Let’s make one thing clear, this is a sports column. Opening and closing ceremonies – even if my mum likes them – are not sport.
Ok, if Pele lit the cauldron using a rolled up newspaper extruding from the cheeks of his buttocks, while continuously heading a ball, that’s probably worth a look. But instead Rio chooses Art Vandelay, the marathon running import/export guy.
To be fair, once the Olympics had done Nikki Webster suspended in mid-air like an Aaron Woods high-five, where else could they go? Have each country led in by a young kid from the Favelas carrying a dope plant?
Nice touch Brazil.
A quality response too from Australia, rocked this week by revelations that children’s numeracy and literacy standards are falling. Having the team wear their school uniform shows that the matter is being addressed seriously.
Rio crowd numbers are set to receive a late boost thanks to a charter flight from Australia, full of poor souls suffering at the hand of flesh-eating bacteria, the Buruli Ulcer, currently rampant in suburban Melbourne.
Sufferers are faced with an awful choice; leave it untreated and face certain death, or fend off the bacteria by fighting it with even more repulsive, putrid, virulent nasties, by dipping affected limbs into the waters of Guanabara Bay.

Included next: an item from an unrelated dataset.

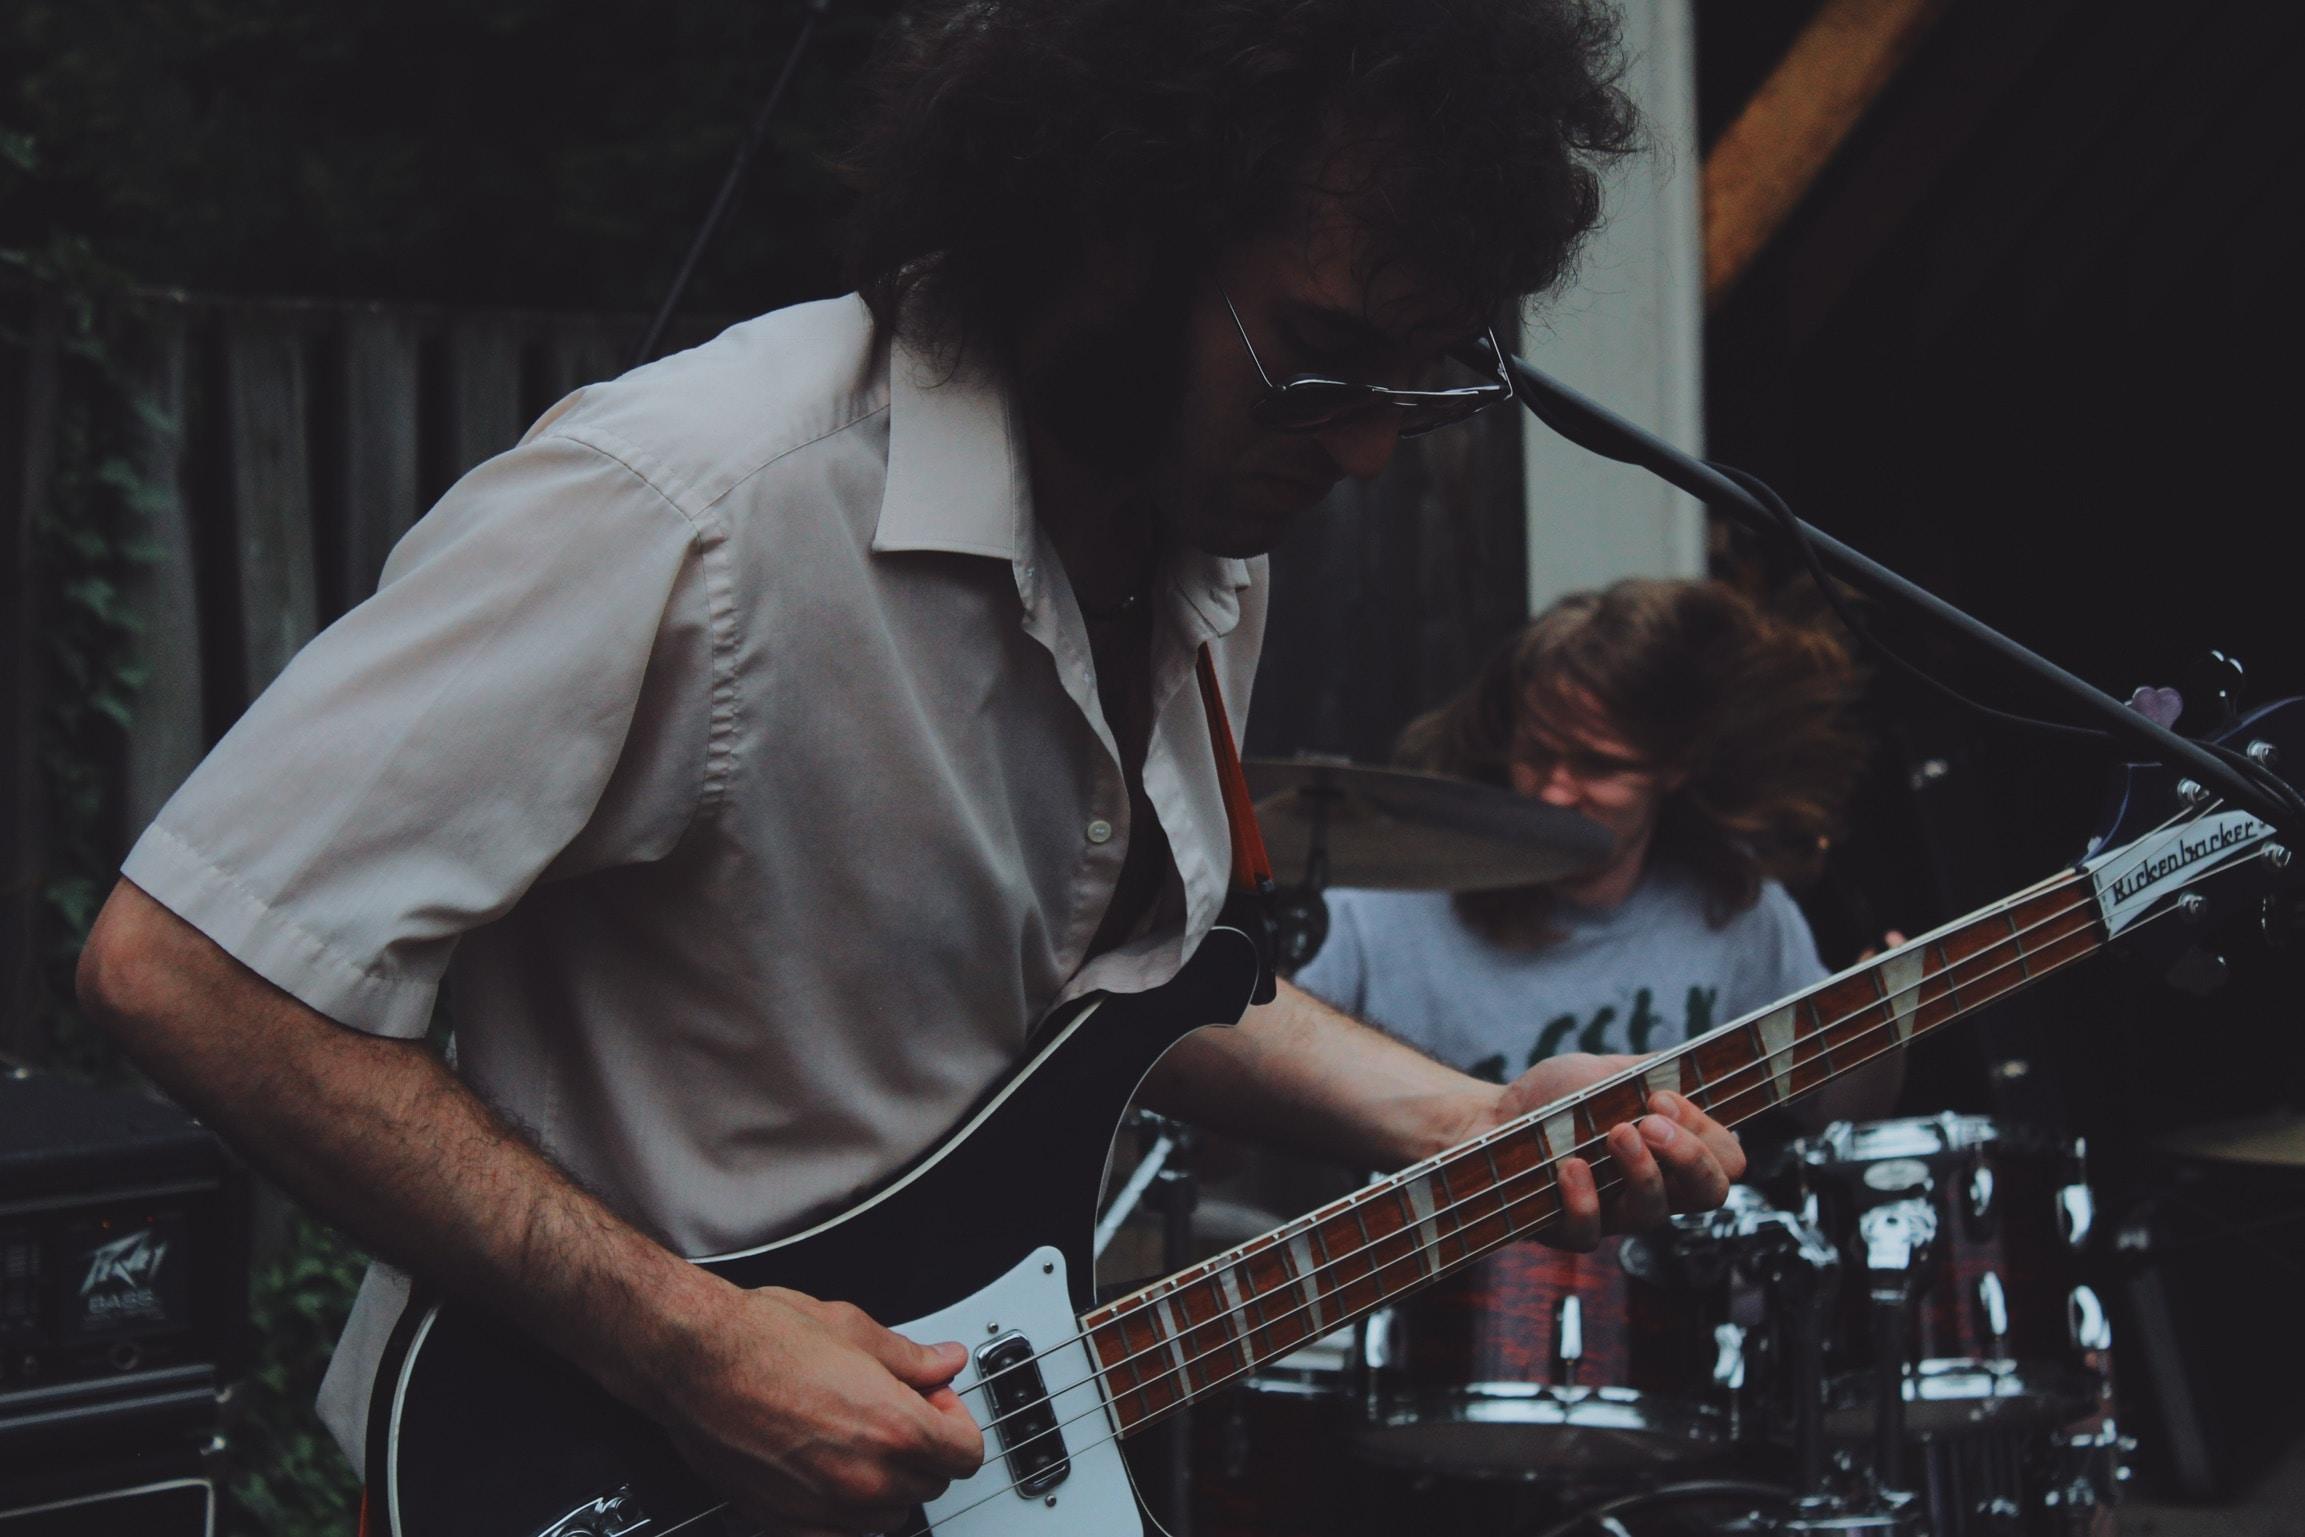 man playhing guitar beside man playing drums

Australian ‘Dolphins’ assistant swim coach Michael Bohl aborts training and pulls team members from the Olympic training pool saying, “it started out nice but for some reason as the morning wore on the water got really soupy in that pool.”
One thing is becoming abundantly clear. Unlike the cricket in Sri Lanka, Australia is taking these Olympics a little too seriously. A little bit of soupy water? Really?
Instead of adding this to Kitty’s whinge-list, the Dolphins could easily have acclimatised the team via a few preliminary sessions at home, living the yellow dream, training in a pool full of kids. Or old ladies doing Aquacise.
To everyone’s eternal relief, with respect to women’s football, some bona-fide action at last, including some good old-fashioned Australia versus New Zealand rivalry in men’s hockey.
Australia wins 2-1 after what appears, to the layman’s eye at least, to be a perfectly good Kiwi goal disallowed on the grounds of it being ‘dangerous play’. Yeah, like the whole sport isn’t dangerous?
Is this potentially the greatest trans-Tasman controversy since 1981’s underarm incident? Perhaps not; more your Australian badminton team blowing the ‘Black Cocks’ off the court at the last Oceania Badminton championships, in Tahiti.
Keiran Perkins writes a ripping column fearlessly rating Cate and Bronte Campbell as among Australia’s top medal chances. Looks like the days of Perkins surprising from lane 8 are well behind him.
The Campbell sisters and a couple of other hangers-on duly qualify fastest from the heats in the 4 x 100m freestyle relay. They smile like the charming girls they are.
Watch out for an emboldened Keiran to go out on a limb and predict Anna Meares a medal chance in his own event, the Keirin.
Ch 7 TV coverage launches the “Buzz from Brazil”, an unqualified success if the objective is to avoid showing live action and appeal to a numbskull demographic which doesn’t understand sport.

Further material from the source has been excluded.